History

United Kingdom
- Name: Malabar
- Owner: 1804:Brown & Co.; 1816:Johnson & Co.;
- Builder: Temple shipbuilders, South Shields, or Jarrow
- Launched: 24 May 1804

General characteristics
- Tons burthen: 520, or 525, or 528, or 52861⁄94 (bm)
- Propulsion: Sail
- Sail plan: Brig
- Armament: 10 × 18-pounder carronades

= Malabar (1804 ship) =

Malabar was launched at Shields in 1804. She sailed primarily as a London-based transport. After the British East India Company (EIC) in 1814 lost its monopoly on the trade with India, Malabar made several voyages to India under a licence from the EIC. Then in 1819 she made a voyage transporting convicts to Port Jackson, Australia, followed by one in 1821 where she transported convicts to Van Diemen's Land. She is last listed in 1824.

==Career==
Malabar appeared in the supplemental pages of the 1804 volume of Lloyd's Register with C. Wilson, master, and T. Brown, owner.

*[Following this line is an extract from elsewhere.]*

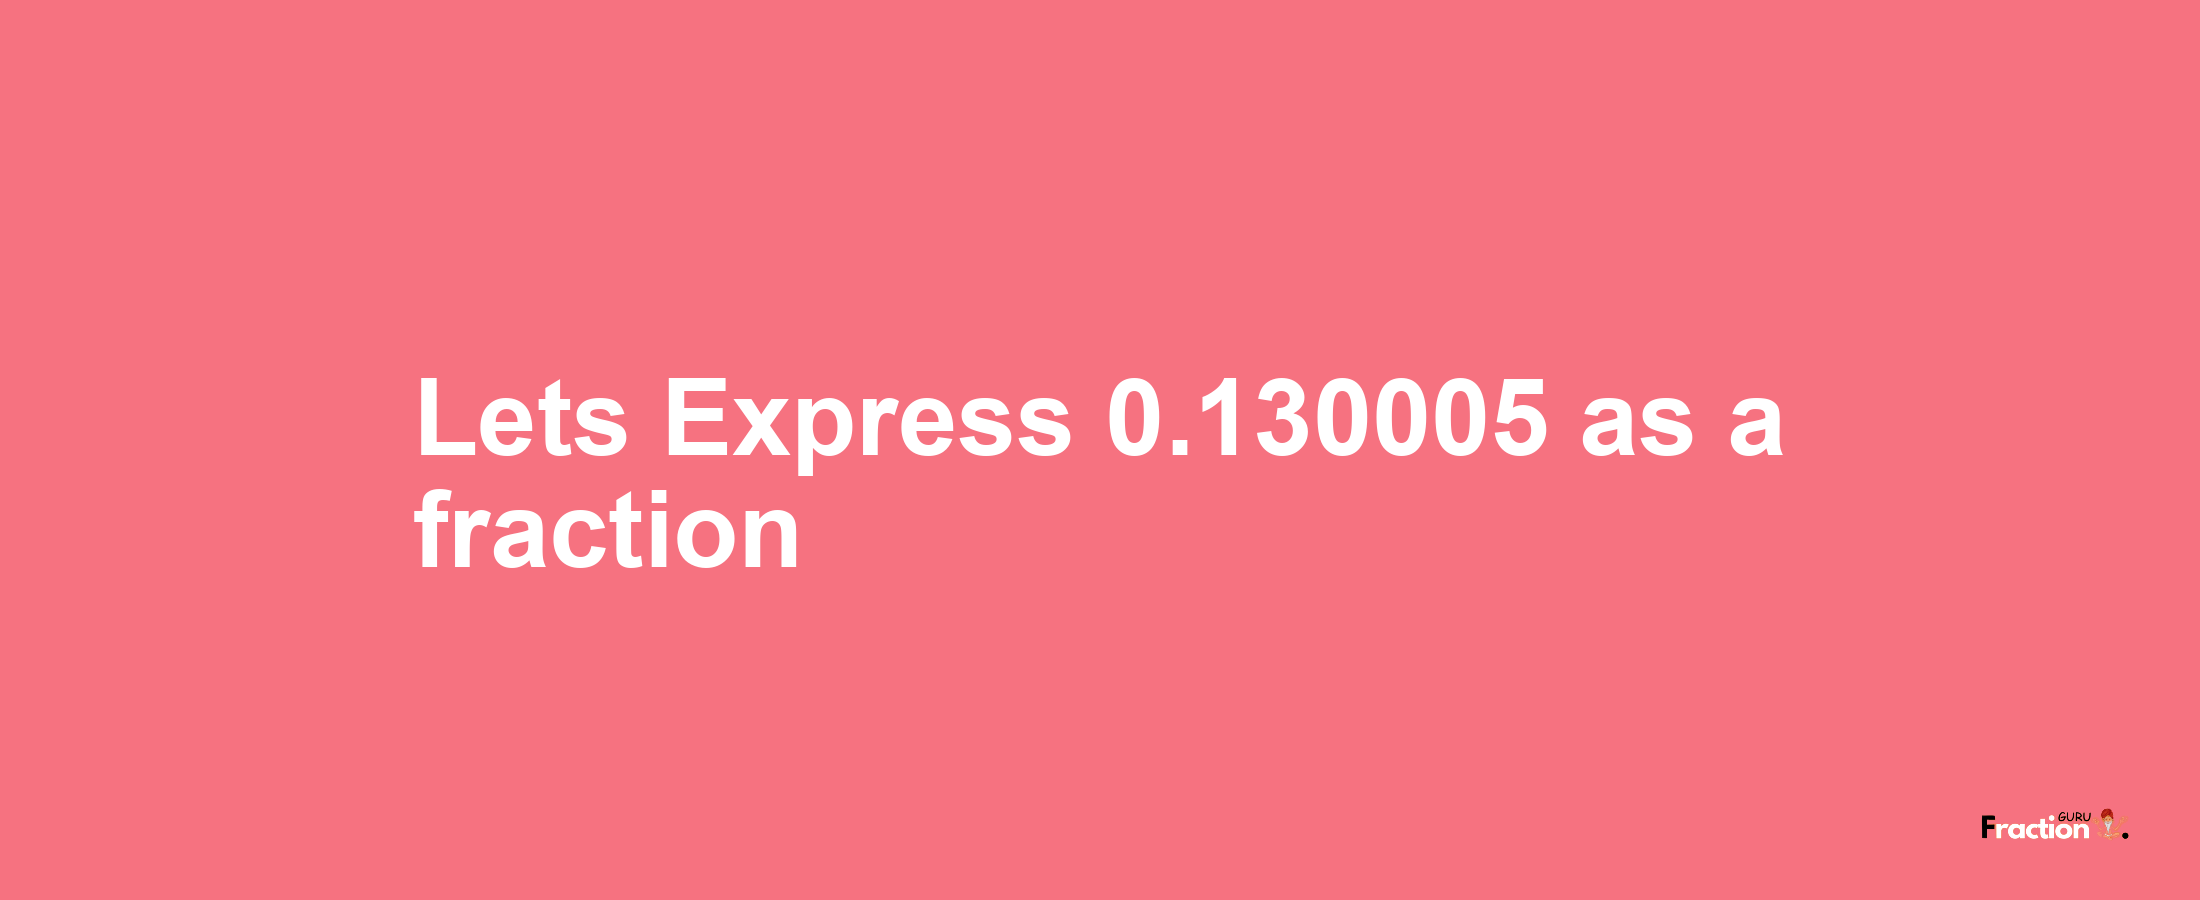 Lets Express 0.130005 as afraction

| Year | Master | Owner | Trade | Source |
|---|---|---|---|---|
| 1805 | C. Wilson | T&R Brown | London transport | Register of Shipping |
| 1810 | C. Wilson | Brown & Co. | London transport | Lloyd's Register |
| 1815 | Ascough | T&R. Brown | London transport | Register of shipping |

Lloyd's List reported on 28 December 1813 that on 25 November the "Malabar transport", Ashew, master, had been sailing from Quebec to England when she had had to put into Halifax, Nova Scotia, having lost her rudder and otherwise being much damaged.

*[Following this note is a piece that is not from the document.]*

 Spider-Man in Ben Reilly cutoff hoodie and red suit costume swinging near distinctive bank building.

On 14 April 1816 Malabar sailed from Bengal but almost immediately grounded and had to put back the same day.

On 7 April 1817, Malabar, Ascough, master, sailed for Bombay. On 1 October Malabar sailed from the Cape of Good Hope for England.

Malabar returned to Gravesend on 24 March 1819. She had left Bengal on 27 October 1818, and Saint Helena on 19 January 1819.

Convict voyage to Port Jackson (1819): Captain William Ascough sailed from Spithead on 17 June 1819 and arrived at Port Jackson on 29 October. Malabar embarked 173 male convicts and landed 170. The three missing men are not recorded as having died on the voyage. They may have been re-landed, or they may have escaped en route. On 10 December she sailed from New South Wales, bound for Batavia and Bengal.

On 24 December 1820 Malabar arrived back at Gravesend, having left Batavia on 20 August.

Convict voyage to Van Diemen's Land (1821): Captain Ascough sailed from Gravesend on 22 June 1821. Malabar arrived at Hobart Town on 21 October. She had embarked 171 male convicts and she disembarked 171. The 46th Regiment of Foot provided the guard. Malabar, Ascough, master, arrived at Deal on 11 October 1822, from Batavia.

==Fate==
Malabar is last listed in Lloyd's Register and the Register of Shipping in 1824 with Ascough as master and with trade London–Van Diemen's Land. Captain Ascough sailed on 18 March 1823 with convicts for Van Diemen's Land.